Finn attacked that night by the way, which meant nothing. Called me a liar. God knows it was the first time I was impressed by him. Snarly and righteous. Got a mite feral. Bared his teeth. Perhaps I could use some of Finn for Julien. The class issues, the excitement he gets when he unmasks a superior, proving himself equal.

Finn

S
IRACUSA
. Where everything went in the shitter. My kind of town. Easy to hide in, no airs. Any direction seemed worth going and not worth going. I liked the creaky look in Ortigia, the old section. Buildings shabby and shredding but still standing shoulder to shoulder like some straggly army that refused to surrender. On some streets I could walk in the middle and touch both sides. That’s a stretch but you get the idea. The houses shared walls. That sidetracked me. Sidetracked because who gives a shit, and not that I hadn’t seen it before, but it seemed friendly. If one went down, they all did. Camaraderie. Yeah. Each building only needed, of its own, a front and back. Efficient and frugal, that’s what my dad would have said if he’d come here, although he never left Portland except for a few miles out to sea in a dinghy. He built houses. Always admiring a joint or the eaves of a roof. Taught me about business.
Put everything back into it, Finn, don’t borrow.
It served me well.

The nothing-much hotel put Taylor over the edge. In the elevator when I was toting up our luggage, I gagged at myself in
the mirror, squeezed between the roller bags, Tay’s purse hanging off my arm.
You’re a pussy
, I thought.

Over a bridge and isolated, Ortigia was Siracusa’s hangnail. An island paved with stone. Suppose a dog wants to dig a hole? No way, no dirt. On the flight from Rome, Taylor entertained me with its history. The Romans conquered Siracusa in 2 A.D. Hey, let’s build some ships, they decided, and every tree got sacrificed. It kind of made me sick to my stomach. Mass slaughter of the innocents. Imagine waking up one morning and finding all the beauties gone. No trunks to hug—it’s not as dumb as it sounds, I’ve done it. No tree to lean against, take cover, find shade. No rustling leaves or boughs bending and swaying. Imagine wind with no trees to blow through. Desert, right? They paved the place. Ortigia is a stone desert.

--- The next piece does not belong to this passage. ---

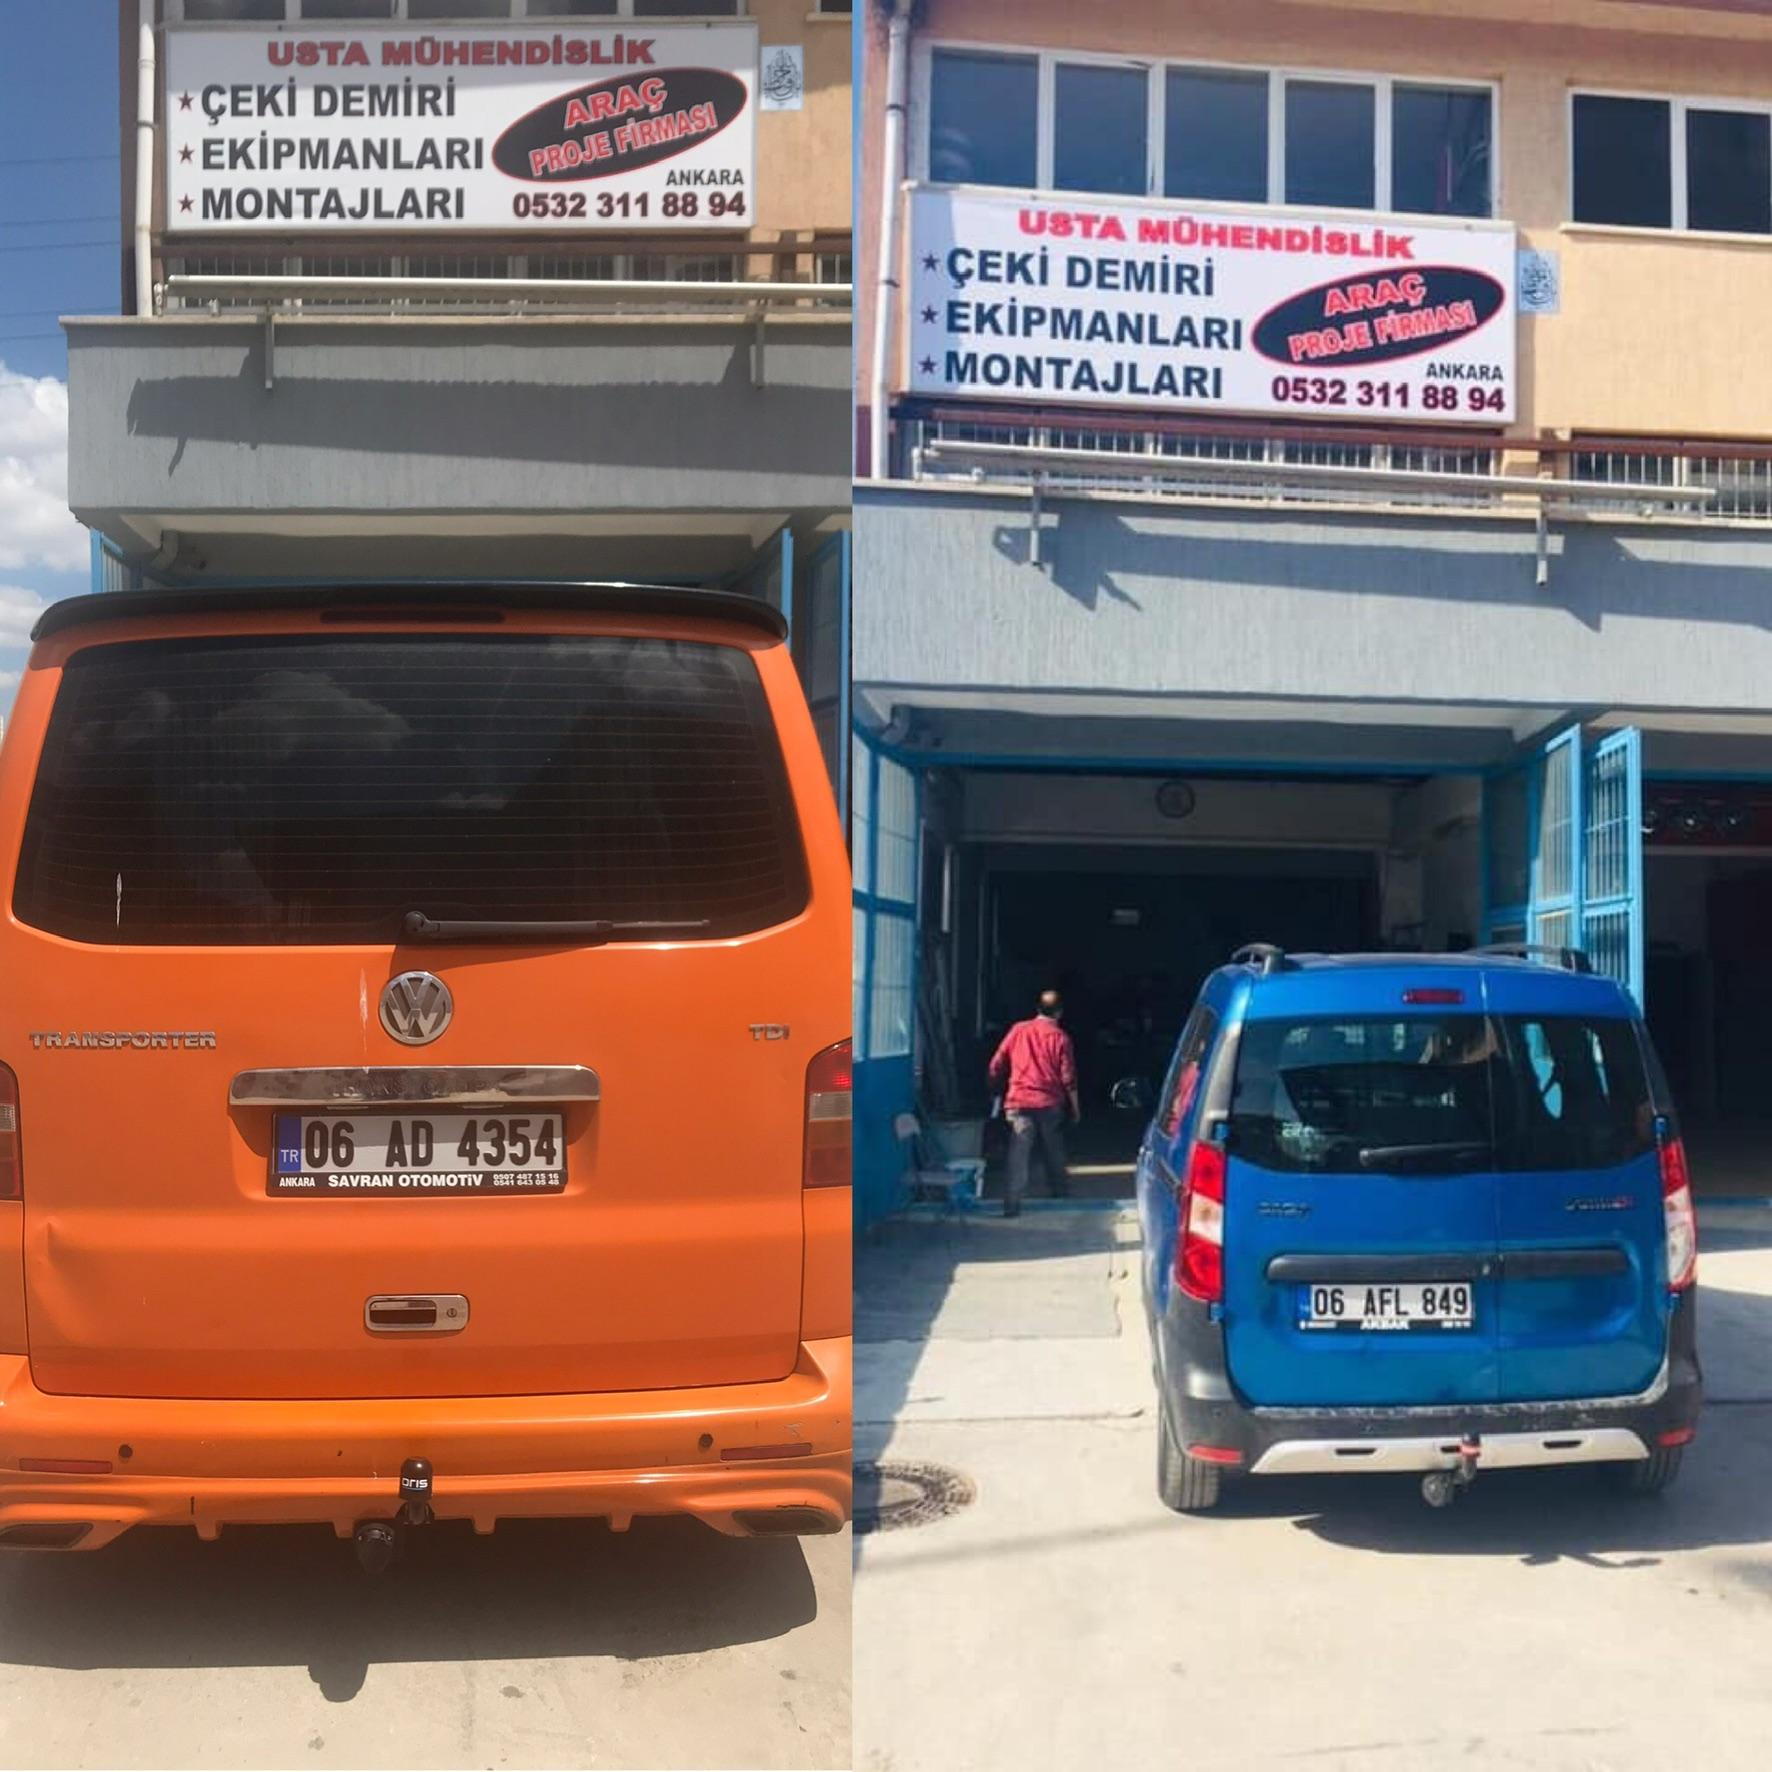 VOLKSWAGEN Transporter T5-T6 *ÇEKİ DEMİRİ MONTAJI +ARAÇ PROJE FİRMASI ANKARA

There had to be less oxygen. Doesn’t it come from plants? Photosynthesis? I might have overheard that in high school. Funny what sticks.

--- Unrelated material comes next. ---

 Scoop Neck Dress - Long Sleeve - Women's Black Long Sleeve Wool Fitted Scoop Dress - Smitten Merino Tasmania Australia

Bees and pollination too. Where the hell did that happen here? This was one freaky world.

I grew up around water. I’m who I am around water. Been in boats since I was two. Water is home.

So, on balance, I liked Siracusa. Especially Ortigia, as Lizzie knew I would. I still like it even if Dorothy the shrink says I got PTSD there. Therapists love a label. The afternoon we arrived, I went out to escape Tay’s accusing eyes. Dorothy blames her mother. She’s never met Penelope, or Tay for that matter, but tries to make me understand Tay’s fucked-upness. I should cut her some slack, is the idea. Weird, since the one not getting the
slack is me. When Tay hated the hotel room, said Dorothy, it was because she was imagining what her mother would think of the hotel room. Bullshit, I told her. Tay’s a snob. Then I got it in a way I hadn’t before. I’m the hotel room. To my wife, I’m the hotel room in Siracusa. Second rate.

Snow was sitting in a chair by the window when I left, entranced with the sea. Princess Snow. Not quite sure how this kid turned out to be mine. That stillness of hers unnerved me. I remember feeling that and noticing, as opposed to most of my feelings, which Dorothy says I’m not in touch with. Snow at the window, Tay swearing because there was no cell reception, trying her phone from every corner of the suite. I’m a stranger here.

“Where’s the action, Dani?” I asked the receptionist.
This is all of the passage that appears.